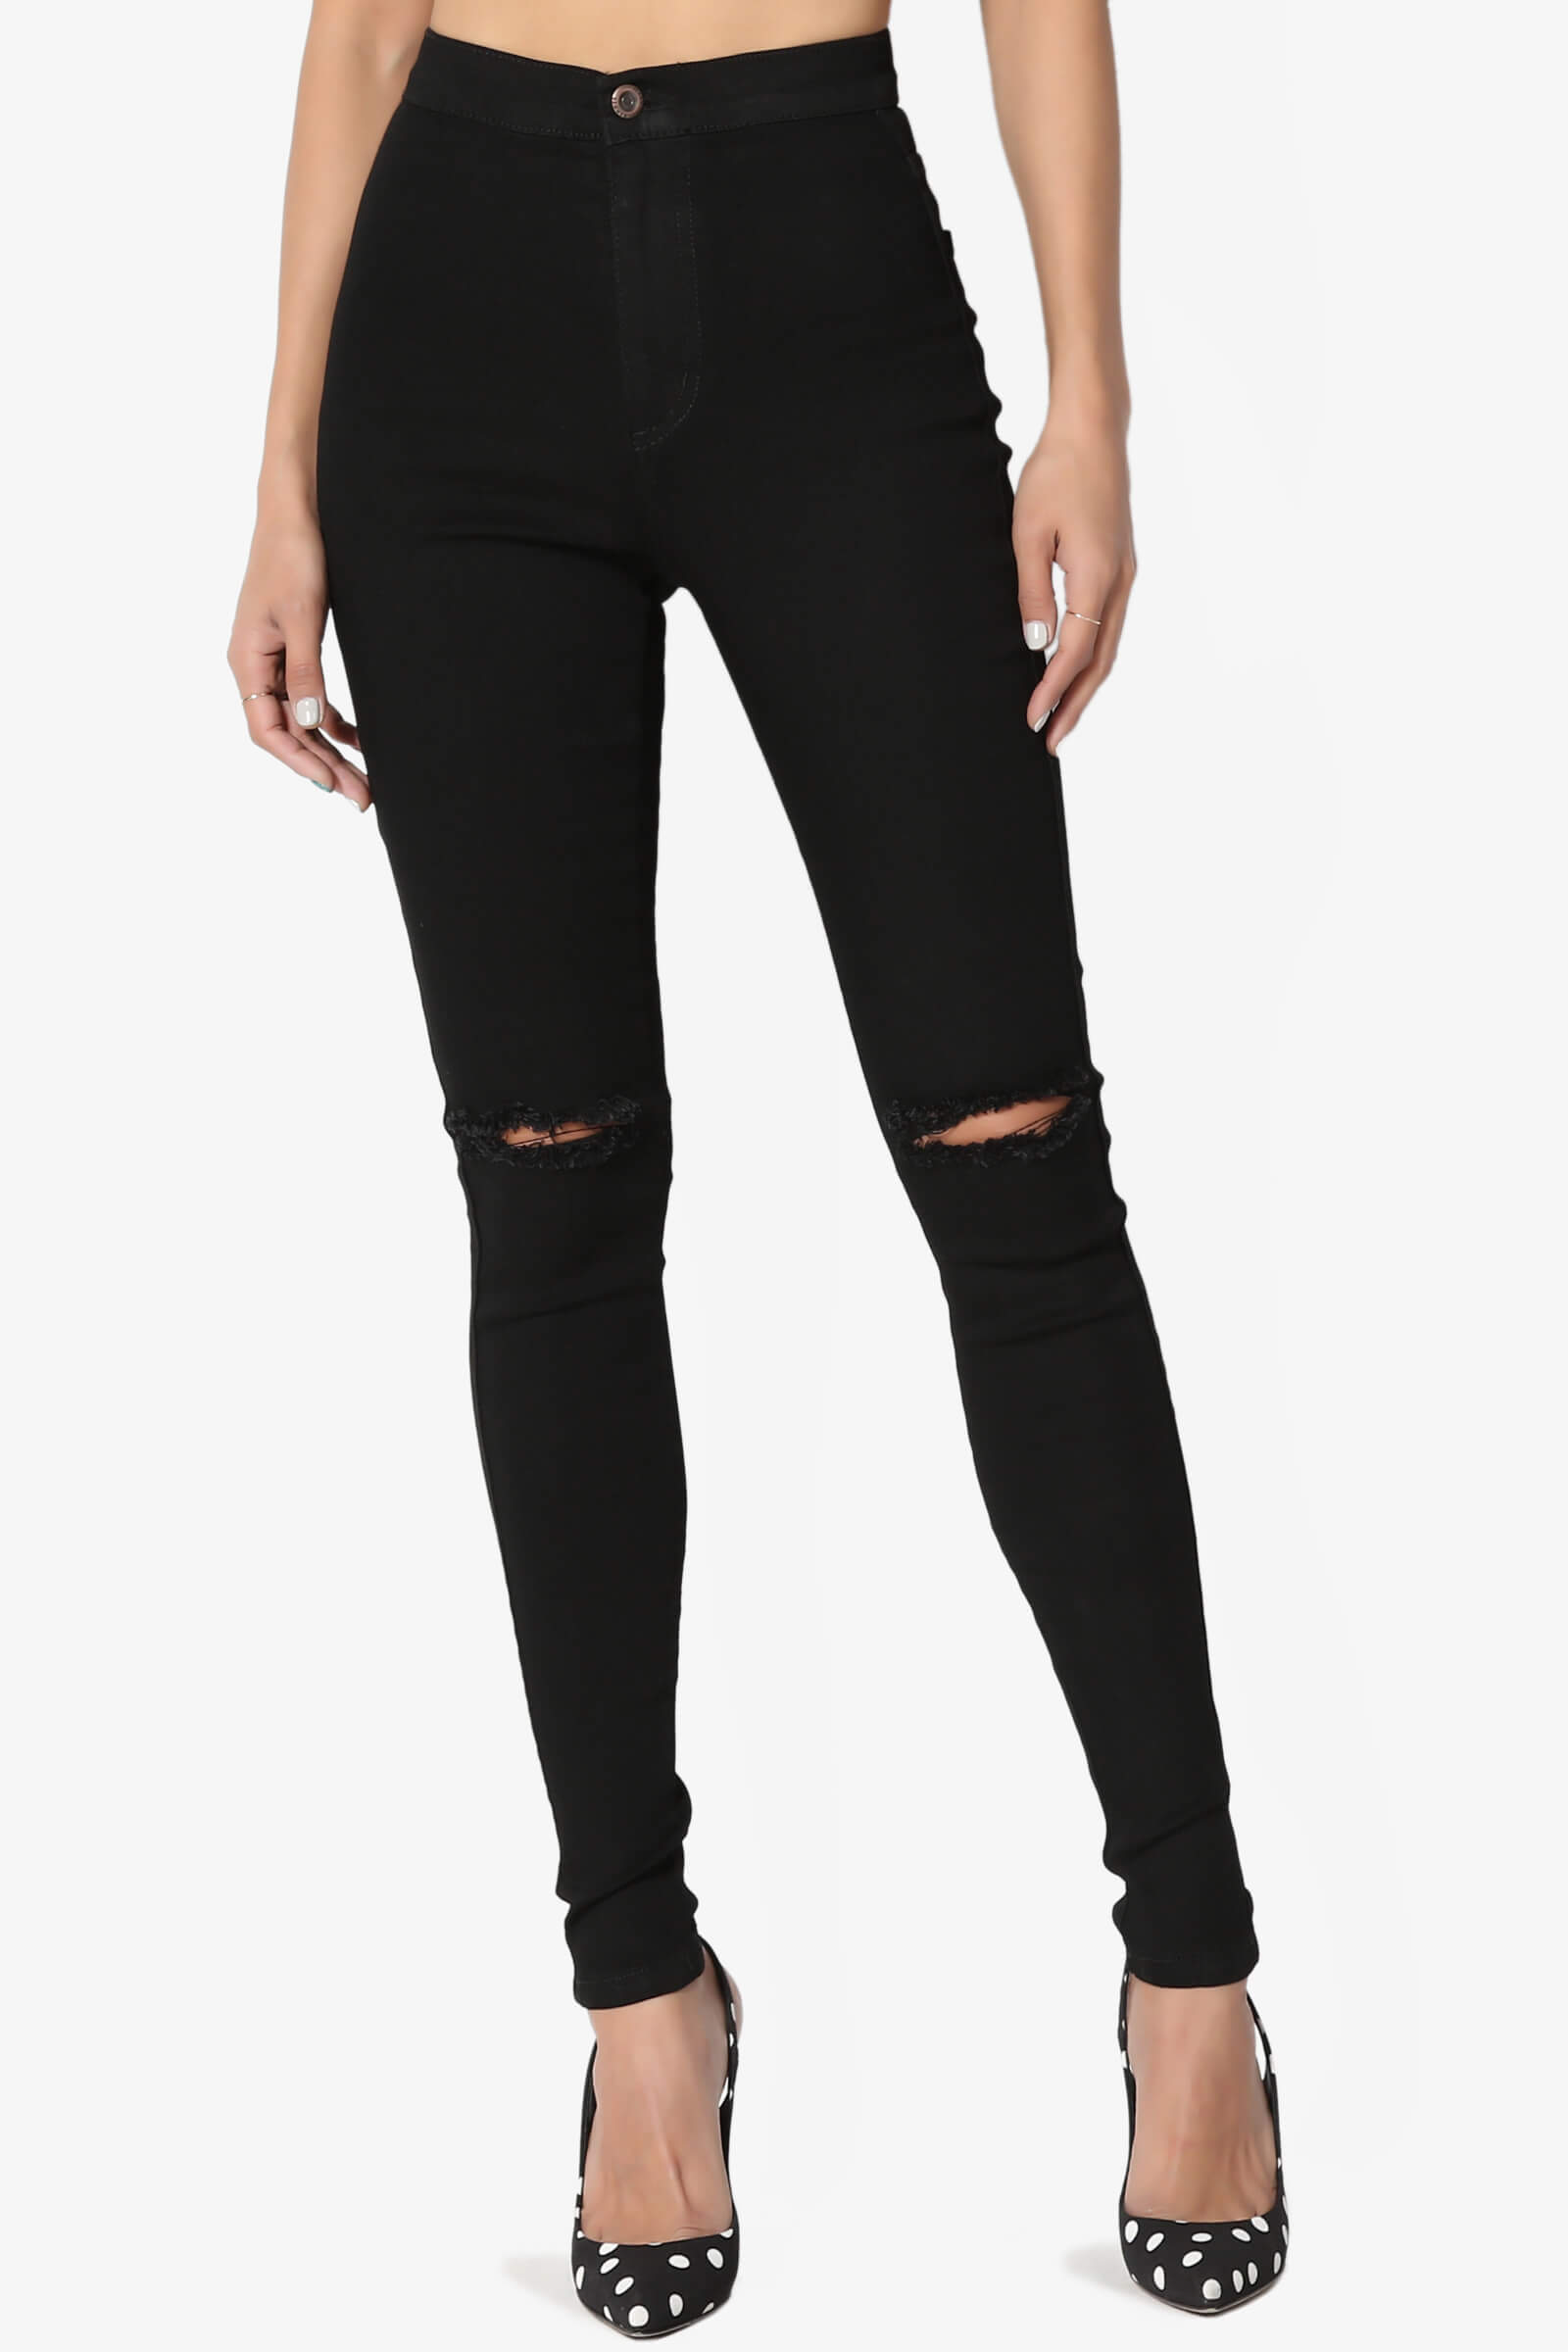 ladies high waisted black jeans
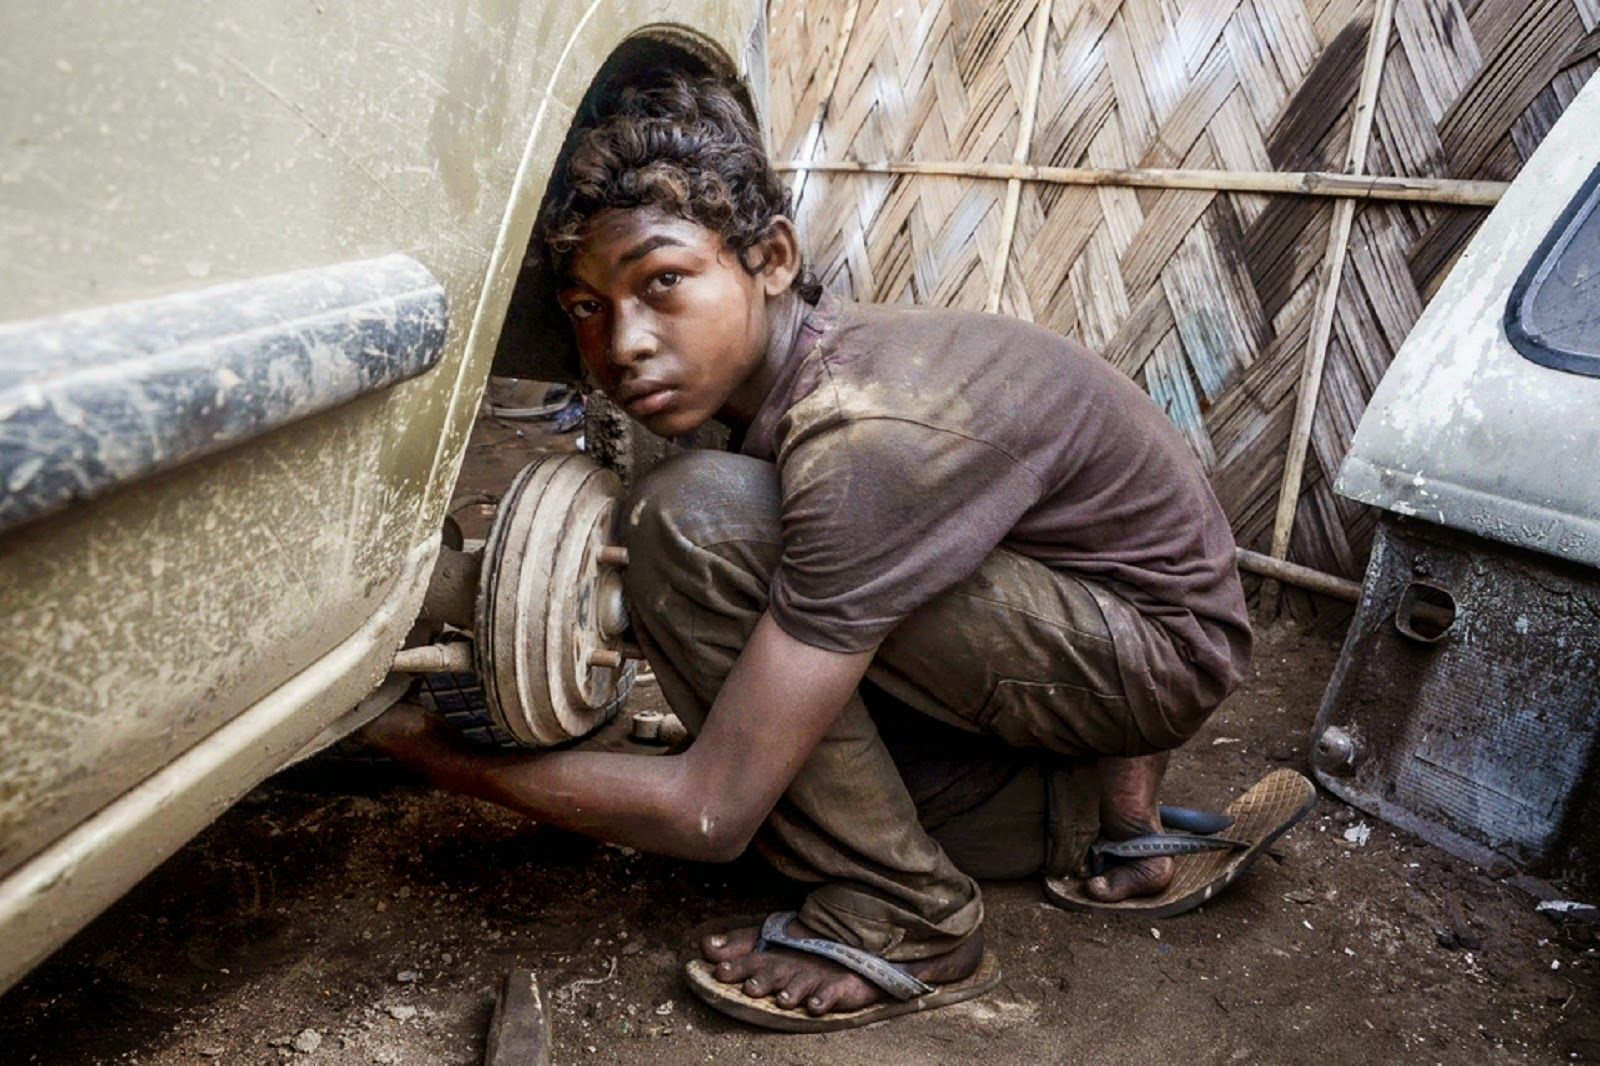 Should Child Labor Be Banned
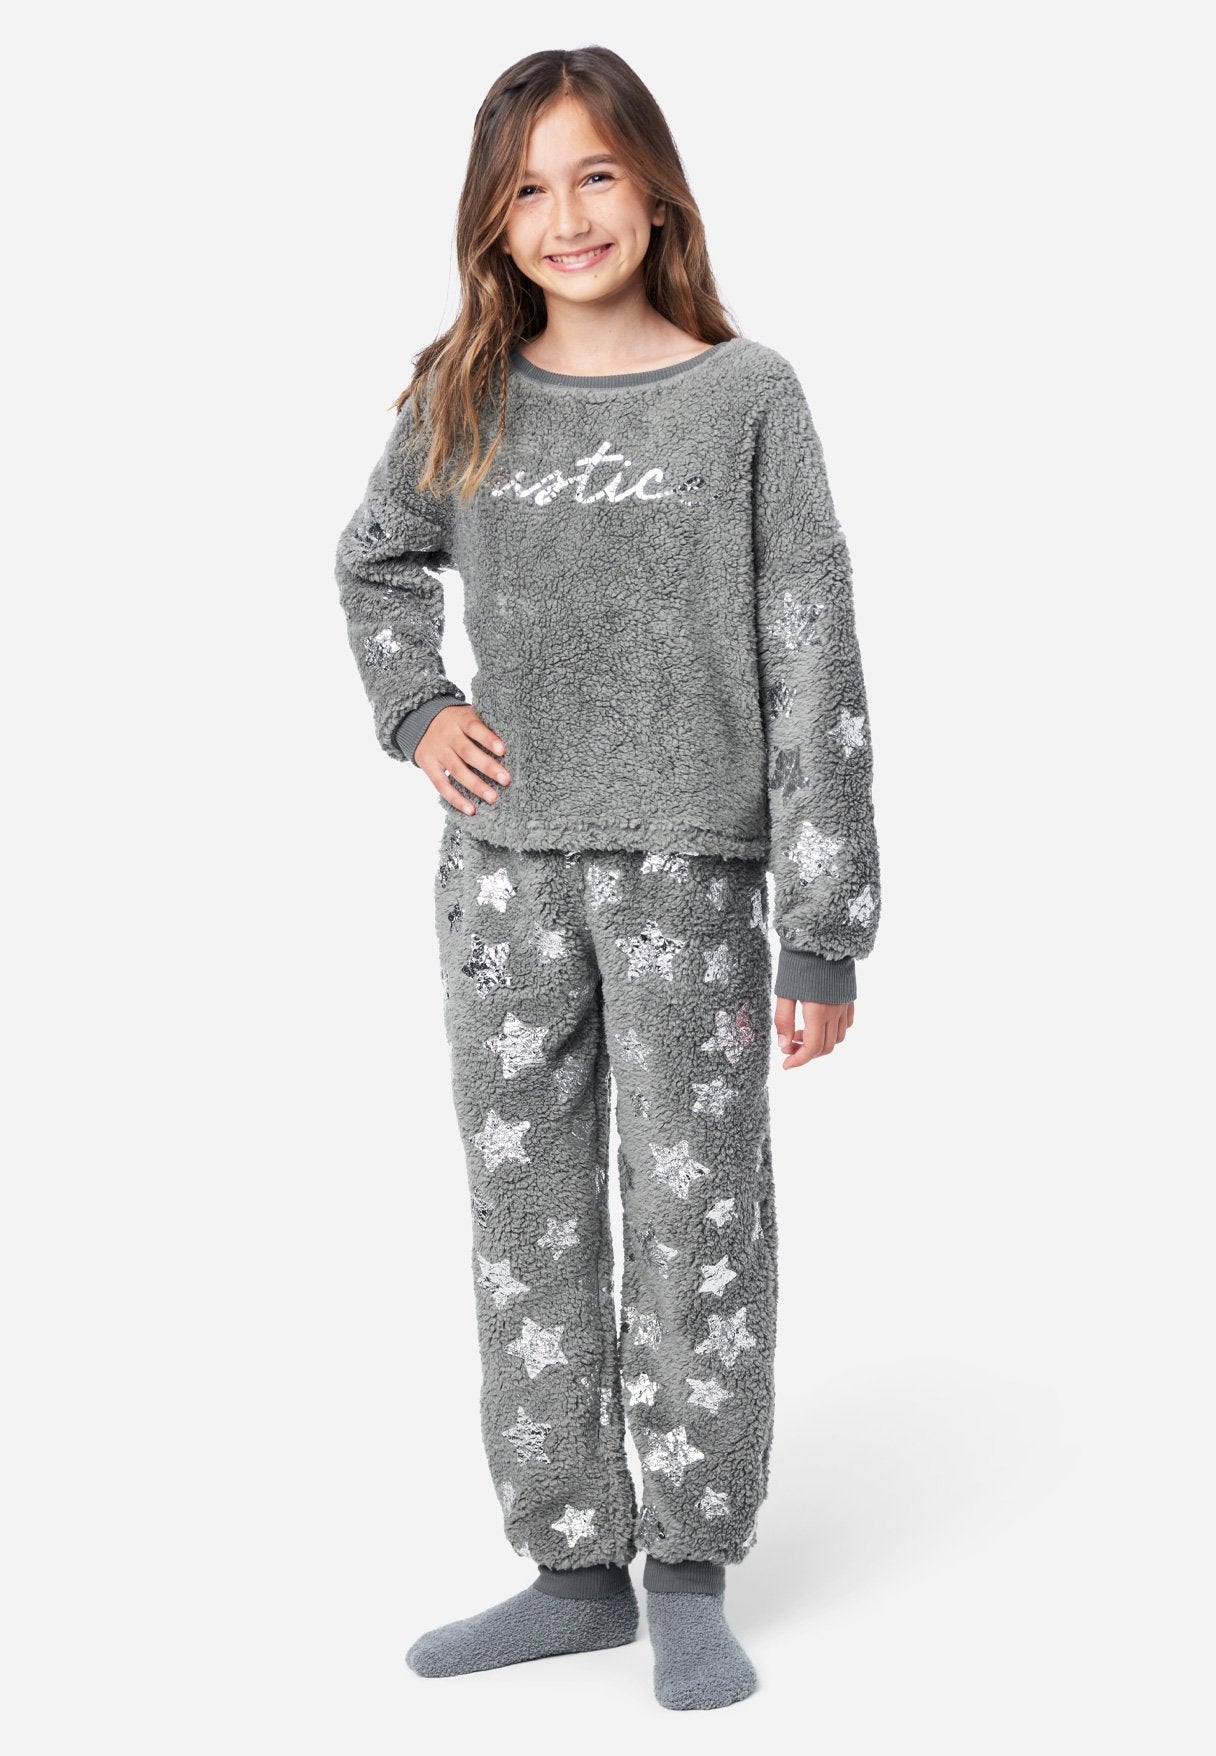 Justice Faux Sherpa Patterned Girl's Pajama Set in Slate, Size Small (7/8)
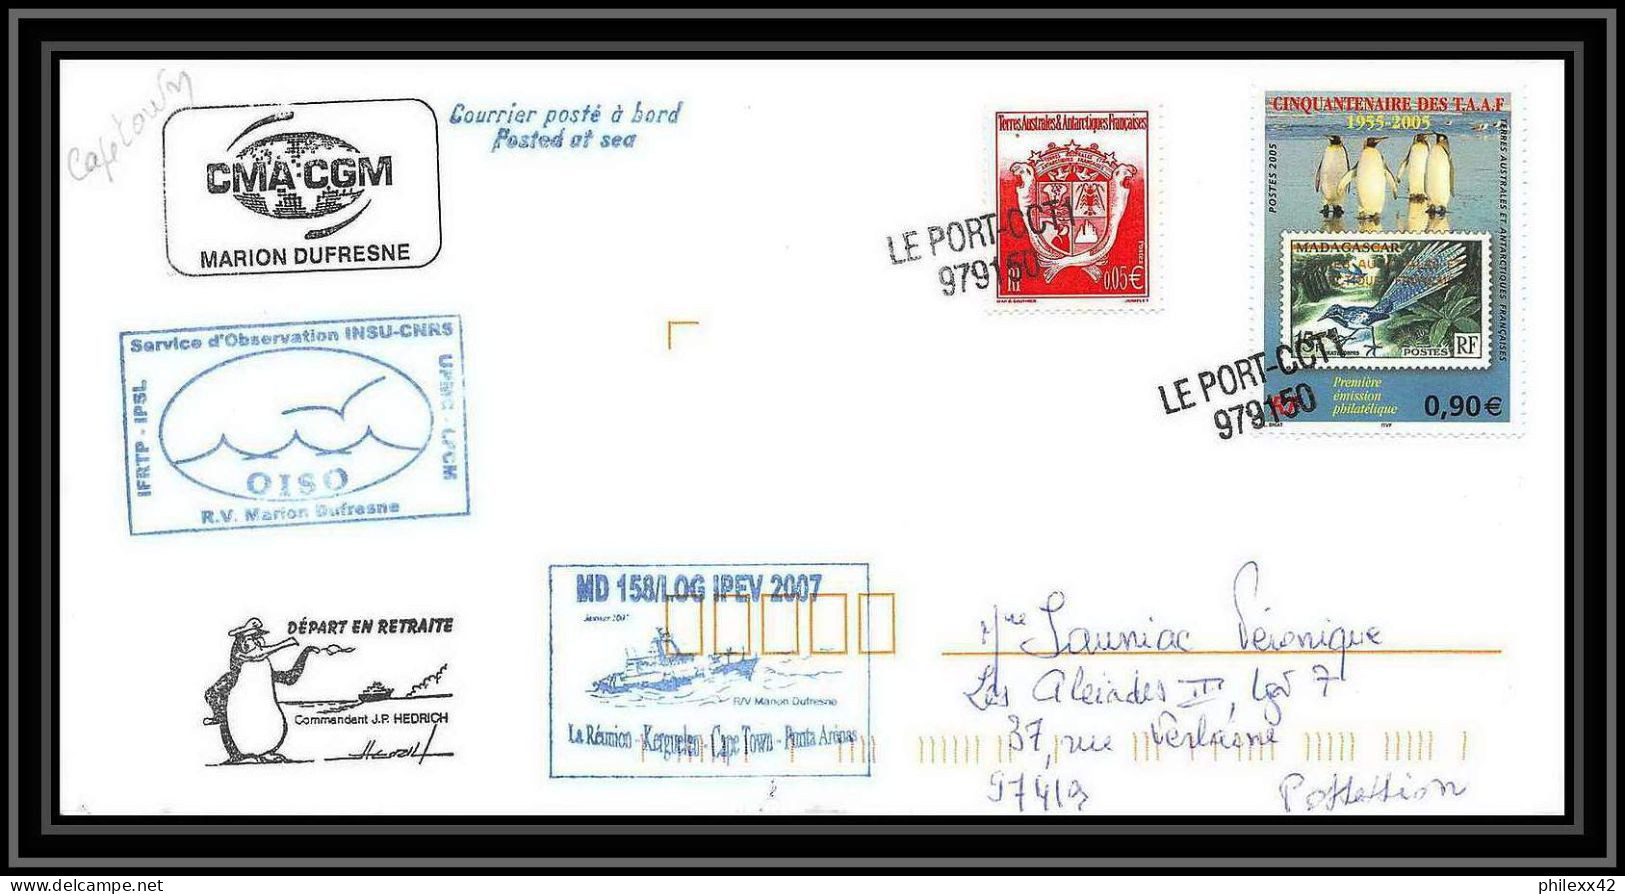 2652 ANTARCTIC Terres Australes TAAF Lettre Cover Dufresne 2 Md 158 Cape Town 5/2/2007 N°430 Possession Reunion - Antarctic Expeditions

WORK TO BE COMPLETED: Please return the lines above exactly, with the pictures omitted.

RESULT FOR THIS EXERCISE:
 ladies high waisted black jeans
 Should Child Labor Be Banned
 Justice Faux Sherpa Patterned Girl's Pajama Set in Slate, Size Small (7/8)
 2652 ANTARCTIC Terres Australes TAAF Lettre Cover Dufresne 2 Md 158 Cape Town 5/2/2007 N°430 Possession Reunion - Antarctic Expeditions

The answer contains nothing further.